Let \({\circlearrowright }\)NPDA M then read b. Let us look at the computation performed by the automaton on reading \(b^mc^ma\). Before reading c, the automaton will read \(b^l\) for some \(l \ge 0\), that is:

$$\begin{aligned} (q_m,b^mc^ma,z_m) \circlearrowright (q_{m+1},b^{m-1}c^ma,z_{m+1}) \circlearrowright .... \circlearrowright (q_{m+l},b^{m-l}c^ma,z_{m+l}) \end{aligned}$$

for some \(\{q_{m+1},q_{m+2}...q_{m+l}\} \subset Q\) and \(\{z_{m+1},z_{m+2}....z_{m+k}\} \subset \varGamma ^*\). There is an accepting computation from the last configuration \( (q_{m+l},b^{m-l}c^ma,z_{m+l})\) in that sequence. Depending on l, we have two cases.

(CASE 2-1) if \(l<m\): This case is the same as (CASE 1).

(CASE 2-2) if \(l=m\): This case is the same as (CASE 2). \({\circlearrowright }\)NPDA M must read c. Let us look at the computation performed by the automaton on reading \(c^ma\). Before reading the last letter, a, the automaton will read \(c^n\) for some \(n \ge 0\):

$$\begin{aligned} (q_{2m},c^ma,z_{2m}) \circlearrowright ^{n} (q_{2m+n},c^{m-n}a,z_{2m+n}) \end{aligned}$$

for some \(q_{2m+n} \in Q\) and \(z_{2m+n} \in \varGamma ^*\). There is an accepting computation from the last configuration \((q_{2m+n},c^{m-n}a,z_{2m+n})\) in that sequence. Depending on n, we have two cases.

(CASE 2-2-1) if \(n<m\): This case is the same as (CASE 1).

(CASE 2-2-2) if \(n=m\): This case says that

$$(q_{2m},c^ma,z_{2m}) \circlearrowright ^{m} (q_{3m},a,z_{3m}) \circlearrowright (q_{3m+1},\epsilon ,z_{3m+1})$$

for \(\{q_{3m},q_{3m+1}\} \subseteq Q\) and \(\{z_{3m},z_{3m+1}\} \subseteq \varGamma ^*\). In this case, \(P(w_1)=a^mb^mc^ma\in L(M,\rightarrow )\), so we can write \(a^mb^mc^ma=uvxyz\), where \(|vy| \ge 1\), \(|vxy| \le m\), \(uv^{i}xy^{i}z \in L_2\), for all \(i \ge 0\). The same argument as in the proof of Proposition 6 can be applied to reach a contradiction.
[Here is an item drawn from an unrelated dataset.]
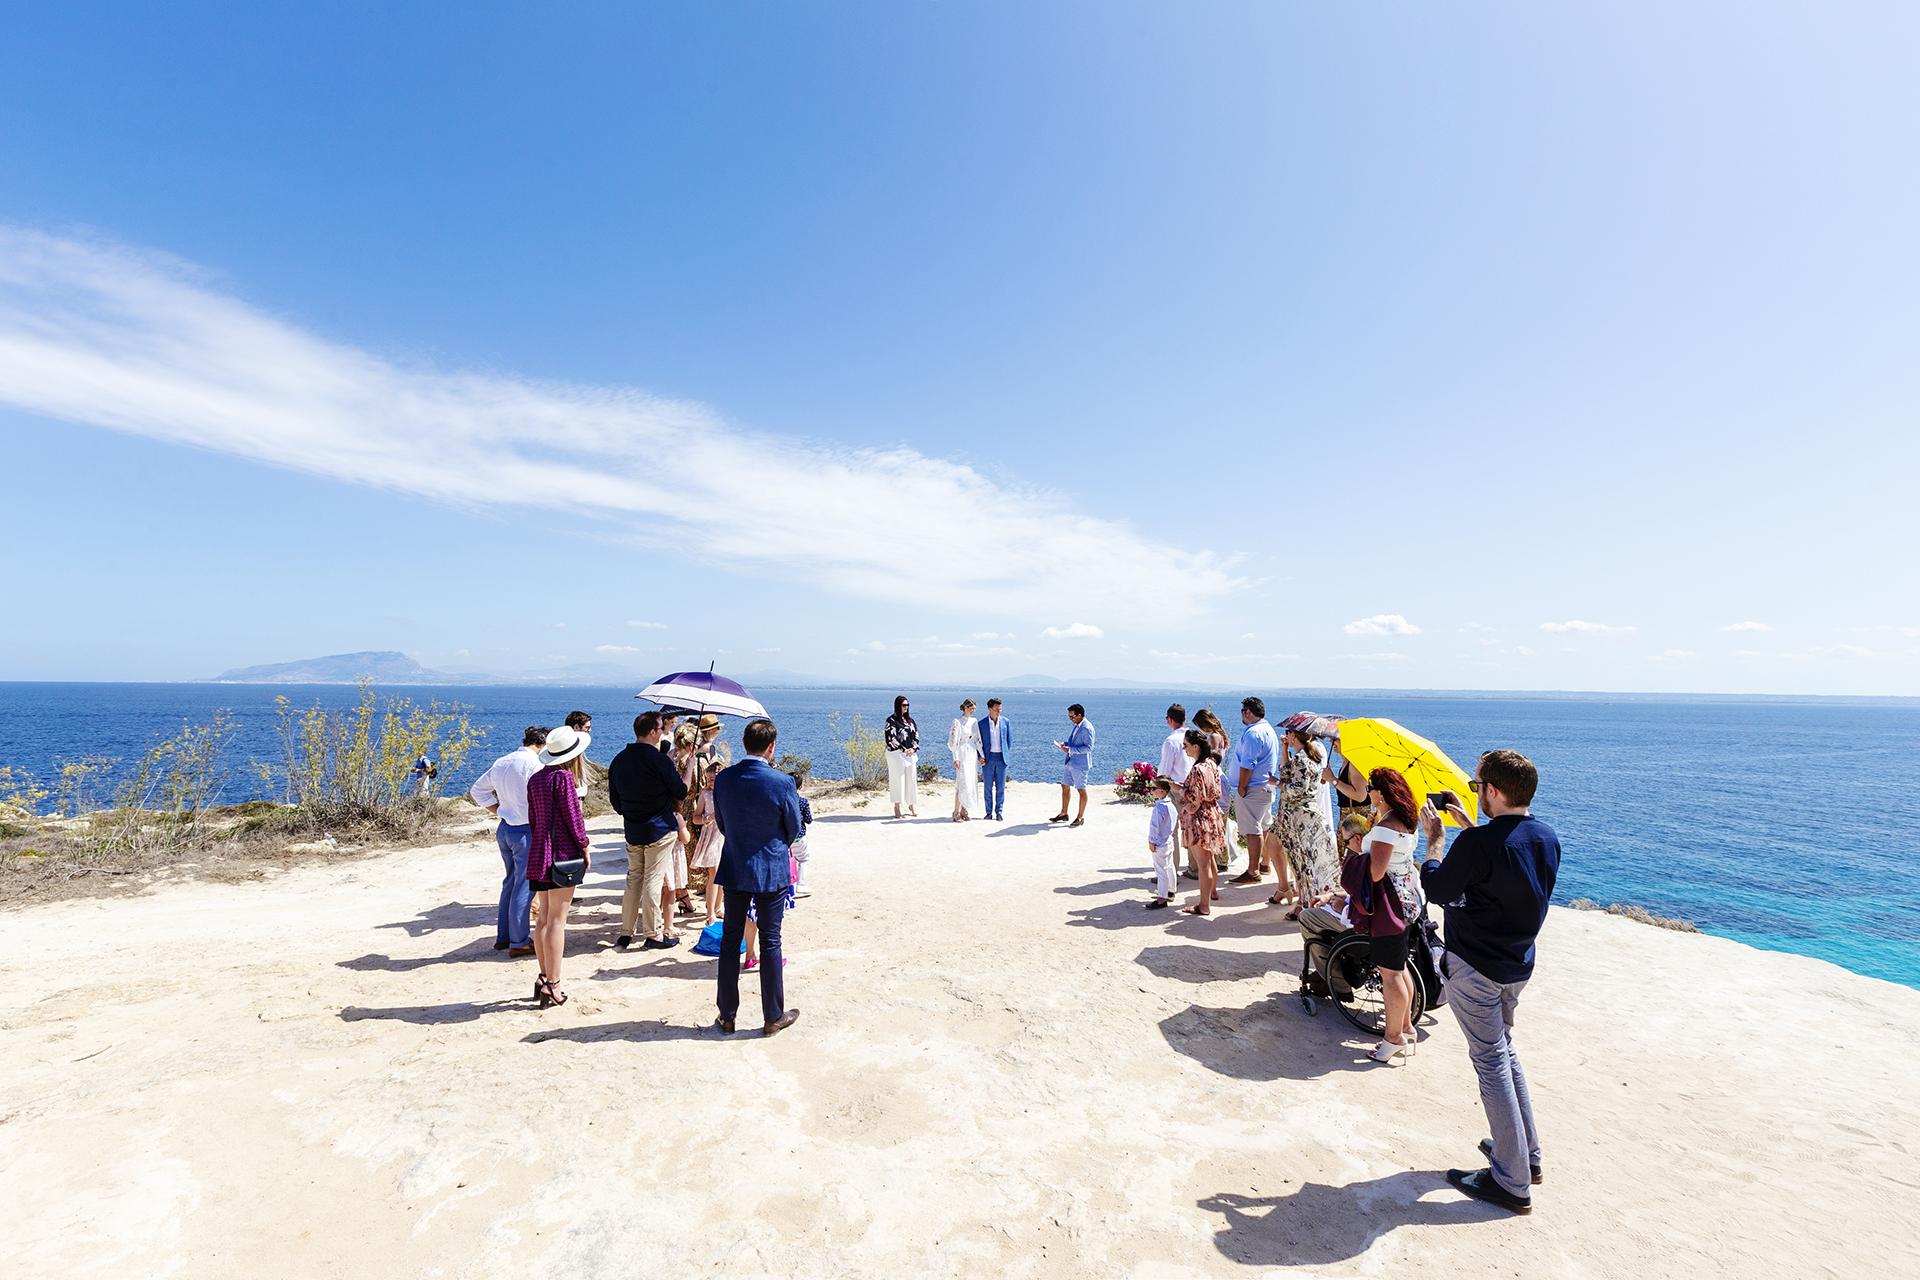 Cala Bue Marino Elopement op Sicilië | Foto - Intieme bruiloft in Favignana. Onder de hete zon van Sicilië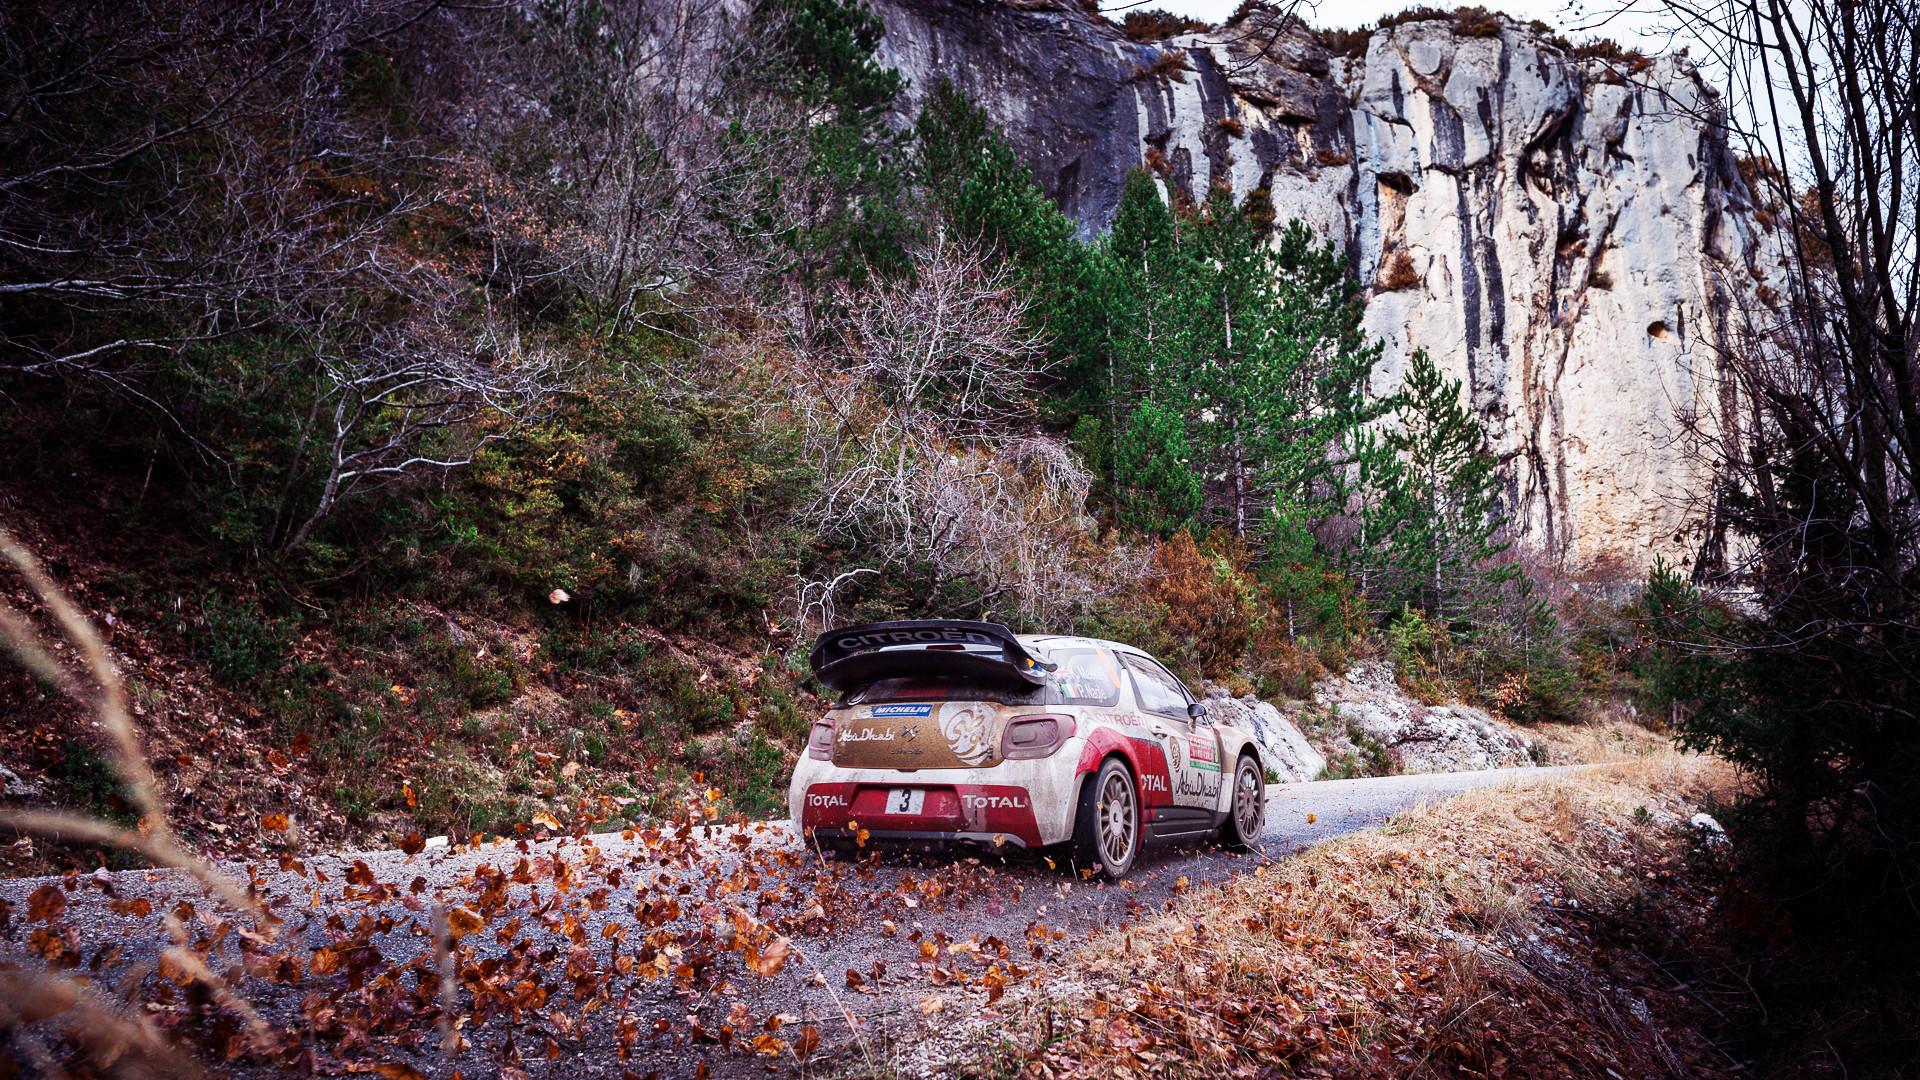 … citroen ds3 autumn stickers falling leaves mountain liftback italy …

Therefore, no \({\circlearrowright }\)NPDA accepts \(L_2\).    \(\square \)

Since and , from Theorem 4 we get that the class \({\circlearrowright }\)NPDA is not closed under concatenation. However, the reversal of \(L_2\), that is, \(\{aw \mid |w|_{a}=|w|_{b}=|w|_{c}\}\), is in \({\circlearrowright }\)NPDA, in fact, it is in \({\circlearrowright }\)DFA, so we get that \({\circlearrowright }\)NPDA is not closed under reversal, either.

5 Summary

We discussed three modes of tape head, however, other established modes can be considered, e.g., a two-way jumping mode. In such a mode, the tape head does not erase the letters it read. The modes can be applied to linear bounded automata, but one can show that none of these modes, including the two-way jumping mode adds to the power of linear bounded automata. Therefore, the language accepted by linear bounded automata with the mentioned alternative modes of tape head coincides with the class of context sensitive languages. Several questions remain open with respect to the jumping modes, particularly so in the case of \(\circlearrowright \). An unanswered decidability problem, which so far resisted attempts, is whether there exists an algorithm which decides \(L(M,\circlearrowright )\in \)REG for a given DFA/NFA M. Here, the technique of completing \({\circlearrowright }\)DFA  presented in Sect. 3 might help, but the problem seems rather difficult, because of the unusual languages which these classes of machines can accept.